According to the official cargo discharge records, the refinery successfully processed 21.47 million barrels of crude oil in May 2026 at a total cost of $2.68bn. This was followed by an additional import volume of 18.93 million barrels in June 2026, valued at $1.80bn.
The financial data highlights a significant monthly shift, with the average landed cost per barrel declining from $124.80 in May to $95.25 in June.

This represents a sharp drop of nearly 24 percent within a single month, a trend driven by changing cargo grades, enhanced freight logistics, and evolving global supply dynamics.
To satisfy its massive processing requirements, the refinery utilized a diverse procurement strategy, blending international streams with premium West African crude grades.
The inventory breakdown shows that shipments included domestic varieties such as Bonny Light, Forcados, Qua Iboe, Amenam, and Escravos, alongside foreign blends like El Sharara, Agbami, and Cabinda.
May’s heightened averages were heavily influenced by premium-priced cargoes, including shipments of El Sharara and Bonga that breached the $130 per barrel mark.
Conversely, June witnessed an easing of fiscal pressure, with multiple West African shipments, particularly Amenam and Escravos, clustering at more economical rates between $90 and $94 per barrel.
In an official statement addressing these figures, the Dangote Petroleum Refinery emphasized that its product pricing does not move in tandem with daily media-reported ICE Brent quotes.

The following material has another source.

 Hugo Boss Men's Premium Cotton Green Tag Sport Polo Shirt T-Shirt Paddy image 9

Because refinery feedstock is purchased under commercial contracts weeks or months in advance on a Dated Brent plus market premium basis, current fuel output reflects older, significantly higher-priced inventories.

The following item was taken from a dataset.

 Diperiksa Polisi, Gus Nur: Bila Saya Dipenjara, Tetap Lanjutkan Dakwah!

The refinery management further noted that it deliberately absorbed a substantial portion of these elevated feedstock costs rather than immediately transferring the burden to Nigerian consumers, thereby actively shielding the domestic market from extreme global inflation and volatile energy market swings.
Looking forward, the company assured the public that as these lower-cost June inventories integrate fully into the production cycle, Nigerians can expect a steady moderation in local fuel prices.